Nous développerons dans ce blog ces différents sujets. 

samedi 28 juin 2008

Amiens : la cathédrale protégée


La cathédrale d'Amiens est un des chefs d'oeuvre de l'art gothique du XIIIème siècle. Néanmoins elle a failli disparaître à deux reprises au cours du siècle dernier. Durant la Première Guerre mondiale, elle échappa in extremis aux tirs d'obus de la "Grosse Bertha" (grâce à l'intervention du Vatican auprès de Guillaume II). Dans la nuit du 20 au 21 mai 1940, la ville d'Amiens fut rasée mais la cathédrale, cible pourtant inratable, demeura mystérieusement intacte, comme le montrent les photos ci-dessous. Les protections des trésors qu'elle renfermait s'avérèrent inutiles.

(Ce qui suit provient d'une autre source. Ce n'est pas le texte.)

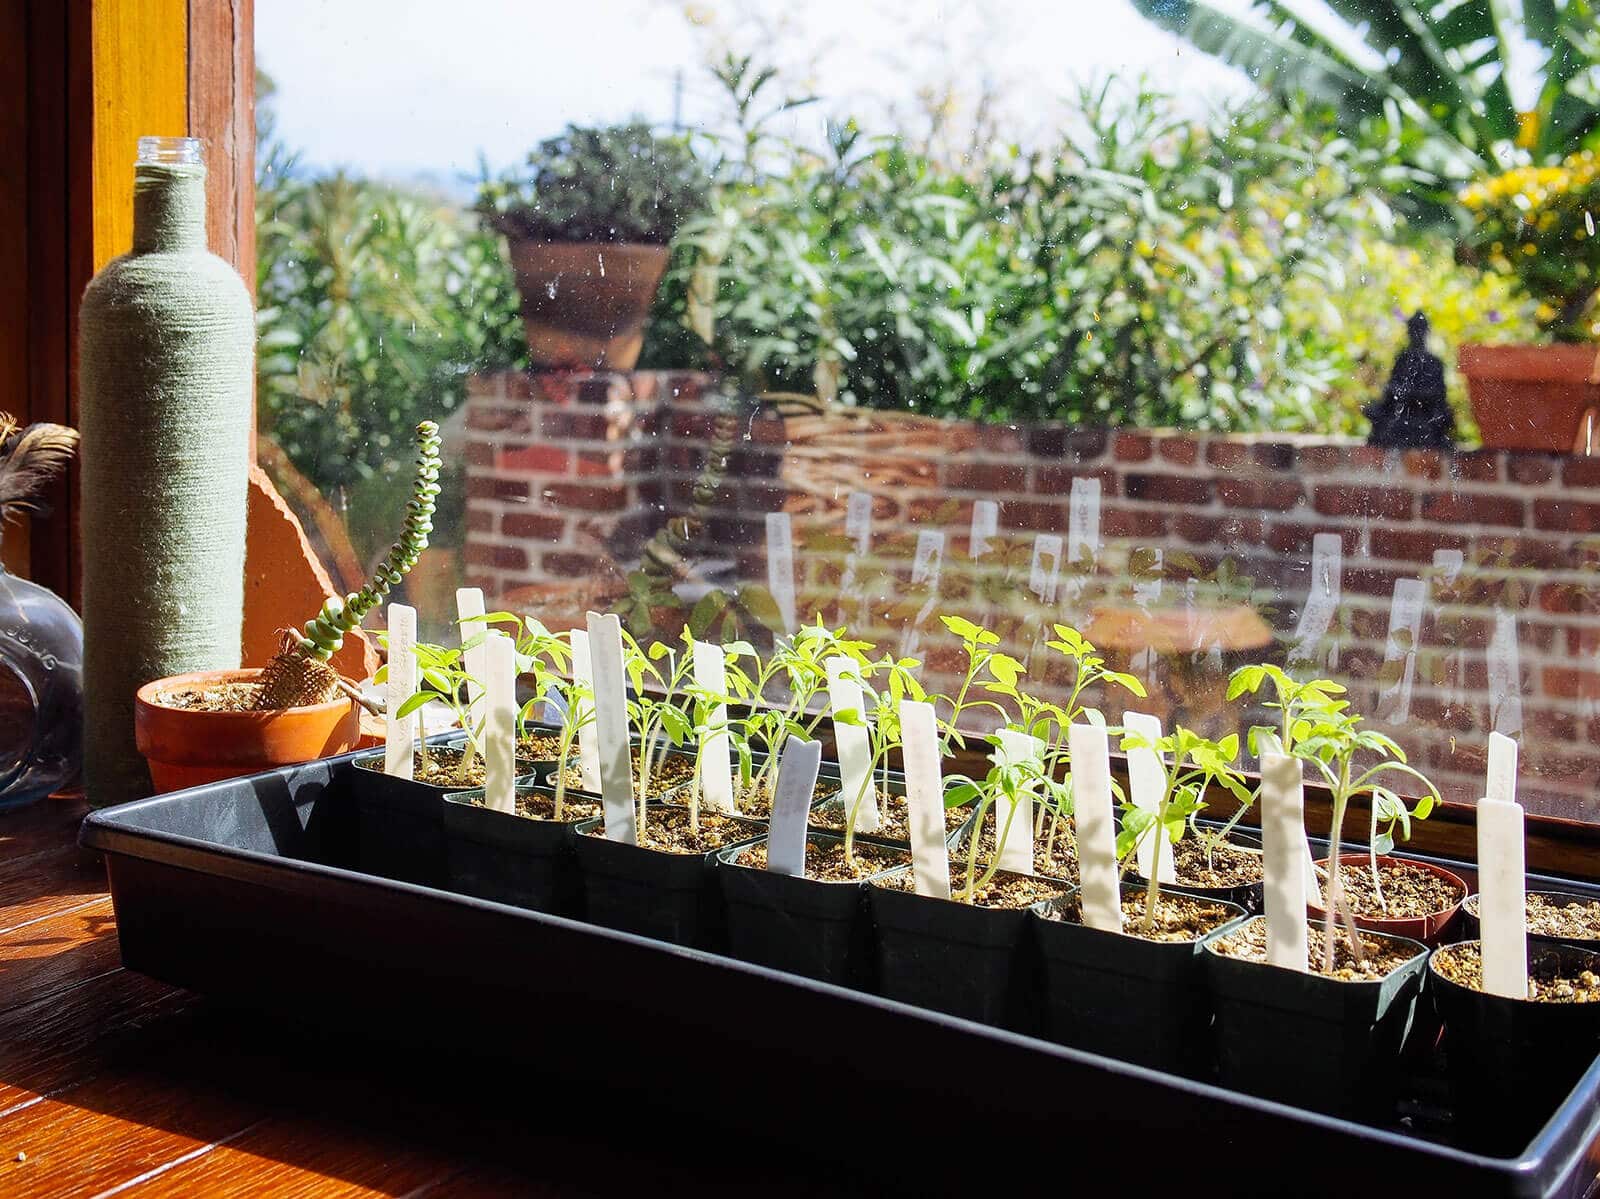 Indoor seedlings need to be acclimated to the outdoors before being transplanted

Un des pilotes allemands déclara : " Nous avions dans notre point de mire la cathédrale. J'ai fait tomber mes bombes sur cet édifice et je me suis aperçu que celles-ci étaient déviées de leur trajectoire initiale, comme si une main mystérieuse les détournait. " Comment cela a-t-il pu se produire ?
La réponse vous sera donnée par Jean Macrez (ci-dessous devant l'ange pleureur), maître des cérémonies de Notre-Dame d'Amiens depuis plus de cinquante ans. Chaque jour à 15h30, il organise une visite très originale des stalles de la cathédrale que je vous recommande ardemment. Il connaît la cathédrale et son histoire mieux que quiconque. Cet homme admirable à la voix chantante et à l'humour corrosif détonne dans cet édifice. Il se présente comme la "dernière gargouille vivante" et on ne peut qu'être d'accord tant il est habité par des valeurs qui ont aujourd'hui disparu.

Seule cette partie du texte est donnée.